MDC Alliance leader Nelson Chamisa has vowed to fight back following the latest setback for his party where the High Court rejected an application to block Thokozani Khupe’s faction from recalling its legislators.

High Court judge Justice Tawanda Chitapi on Friday ruled that the MDC Alliance does not exist as a legal person, who can sue in court as he blocked the Chamisa-led party from using the courts to stop Khupe.

Chamisa yesterday told The Standard that President Emmerson Mnangagwa was behind his party’s woes because he was still bitter about the outcome of the 2018 elections.

“He is being vindictive because we defeated him in 2018,” he said.
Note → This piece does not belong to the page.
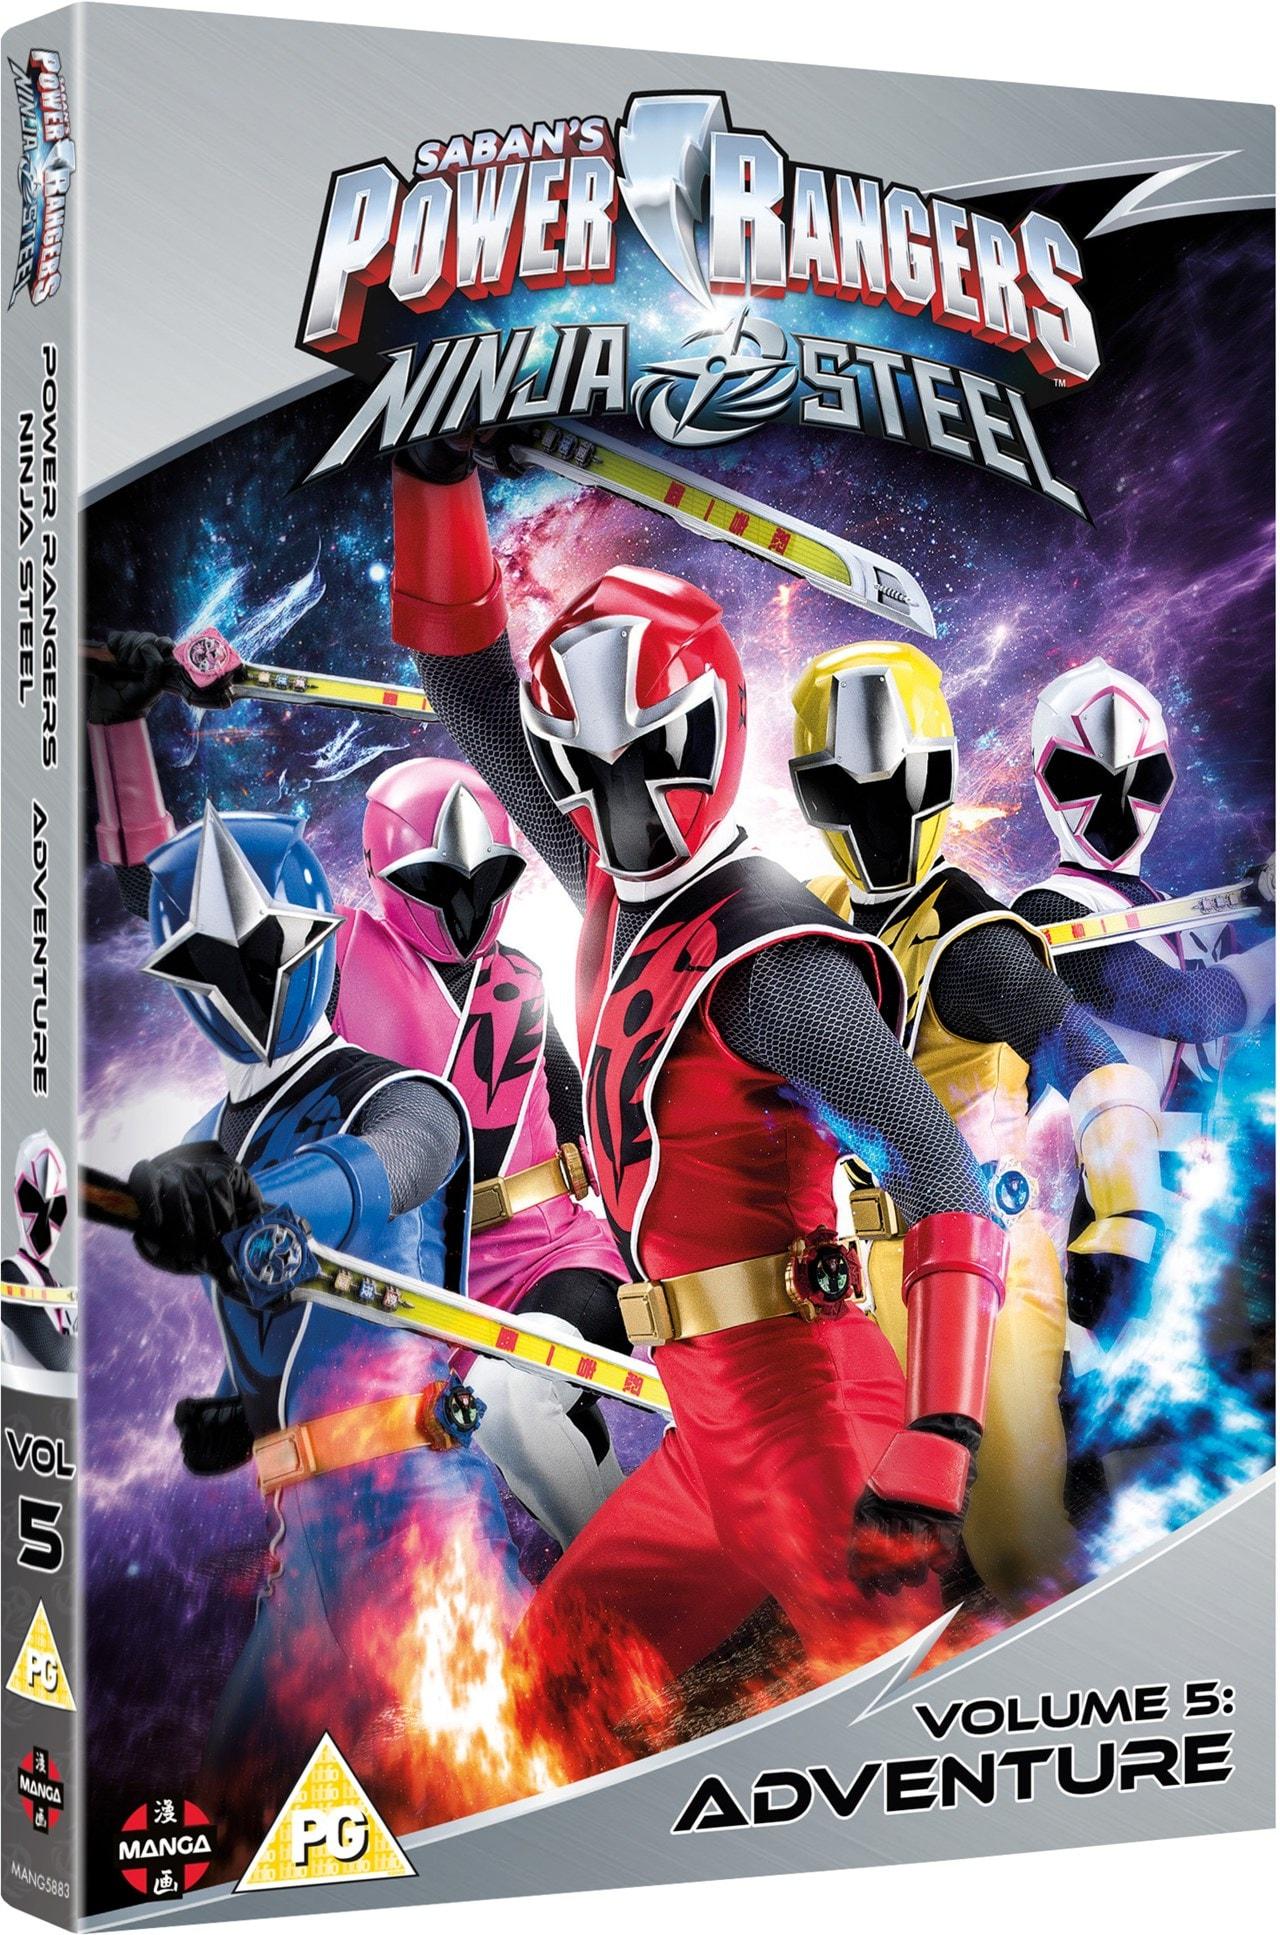 Power Rangers Ninja Steel: Volume 5 - Adventure - 2
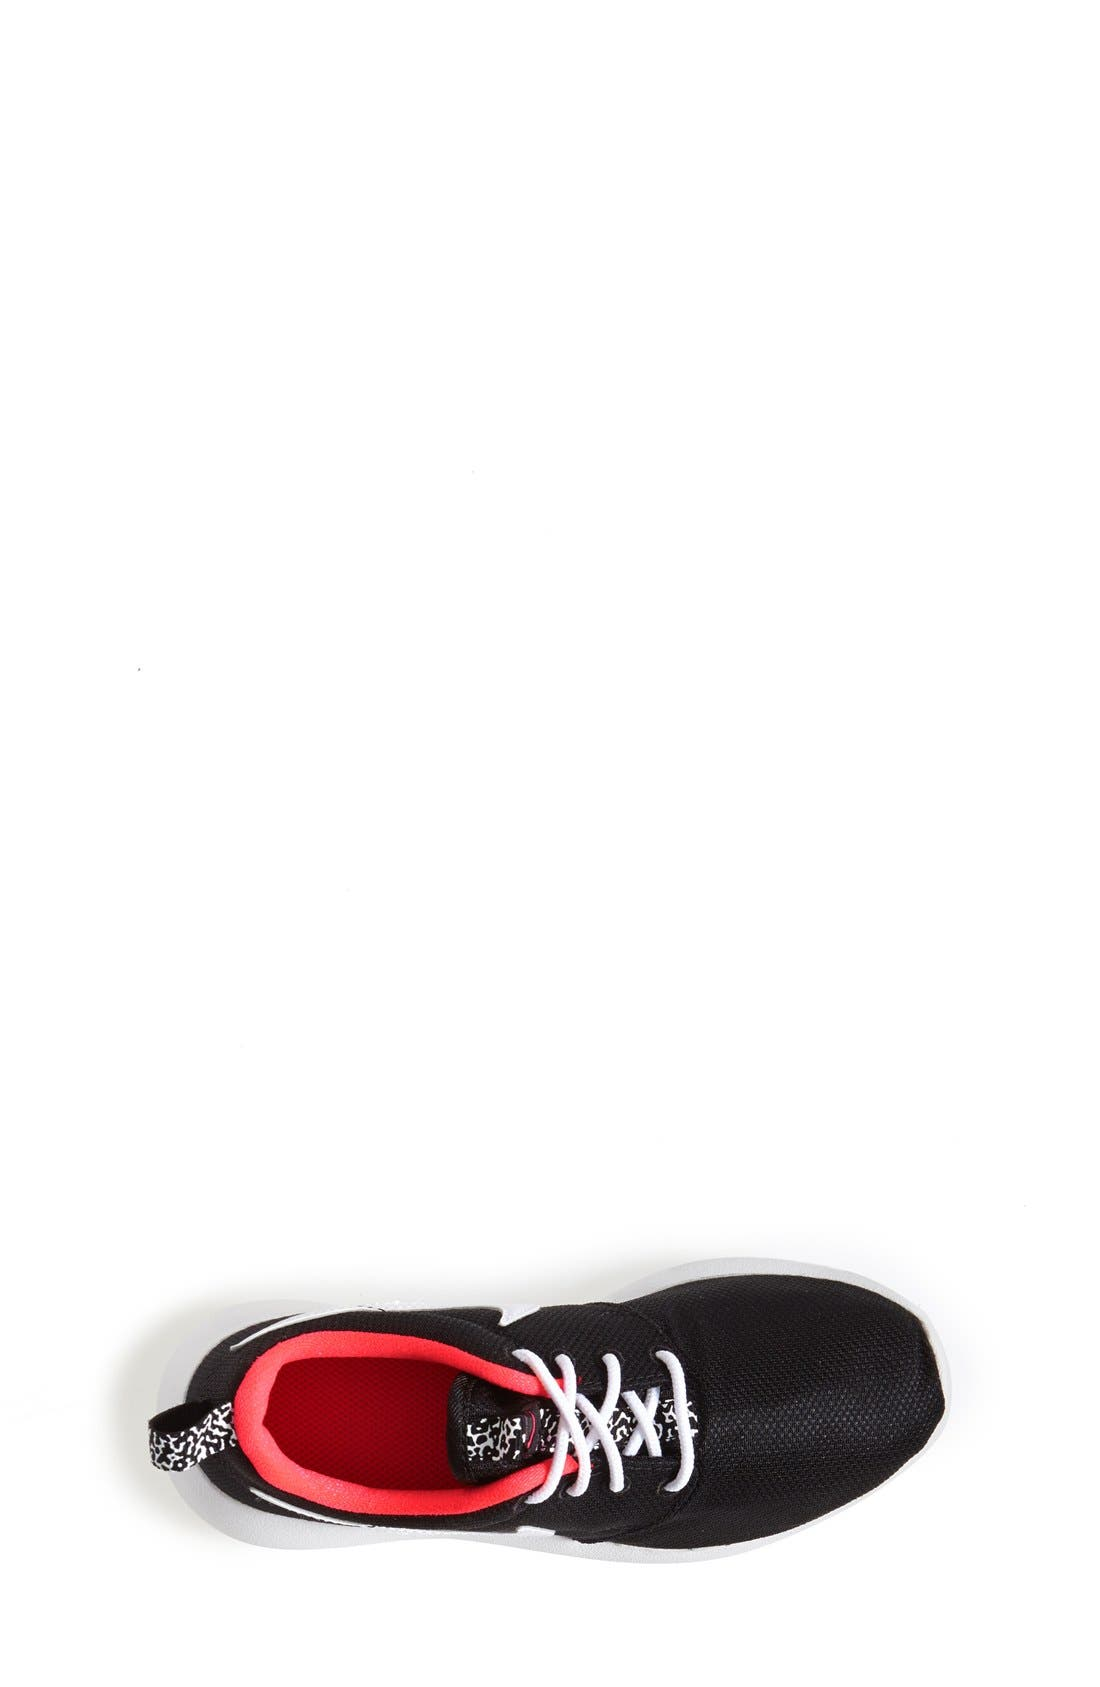 'Roshe Run' Athletic Shoe,                             Alternate thumbnail 154, color,

“He cannot stomach that. We control 28 out of 32 urban councils and he lost in 2018. He cannot decimate us.

“He wants to capture us and give the party to his people. It will not happen. He must leave the MDC alone.”

Chamisa had earlier tweeted a similar message, vowing to fight back.

“Will fight and win Zimbabwe for change,” he tweeted. “[Mnangagwa] will never forgive us for defeating him in 2018.

“All challenges are platforms for major comebacks, renewal and massive resurgence.

“We are on the right side of history. We stand for right, light and truth.”

Mnangagwa’s spokesperson George Charamba said the MDC Alliance could not blame anyone for its problems because it was the one that made the decision to approach the courts.

“I suppose the same president would have advised them to approach the courts, isn’t it?

“When you present your matter in court, you must necessarily respect the outcome, happy or unhappy as the case may be, and that can’t be the responsibility of a non-party to procedures,” Charamba said.

“The president is not a party to the case, so how do you suddenly import a person who is not party to the process, who has not declared an intention to be a litigant?

“How do you suddenly import him to explain your poor showing in the court?”

Charamba said the fact that two judges had different opinions on the status of the MDC Alliance as a political party showed that the judiciary was independent.

Prior to Chitapi’s judgement, High Court judge Justice Munangati Manongwa had observed that MDC Alliance “is a political party with capacity to sue and be sued.”

Munongwa made the observation while granting the MDC Alliance a provisional order to stop the disbursement of $7,5 million under the Political Parties Finance Act to the Khupe-led MDC-T.

“That individual judges will interpret the same law to different conclusions just speaks very well of the bench,” Charamba said.

“Judges are not choristers, they don’t belong to a choral team, they are individuals who weigh facts before them in light of the law and arrive at conclusions, which may coincide or may be at variance.”

Charamba said there was no need to drag Mnangagwa into a fight he was not part of, saying it “will not increase their fortunes neither will it make them any wiser.”

“In future, if they want to blame the president, they can come and brief him before they go to court,” he said.

MDC Alliance accused MDC-T secretary-general Douglas Mwonzora and his colleagues of working with Zanu PF to destroy the opposition after he sided with Khupe following a Supreme Court judgement early this year that said she was the late Morgan Tsvangirai’s legitimate successor.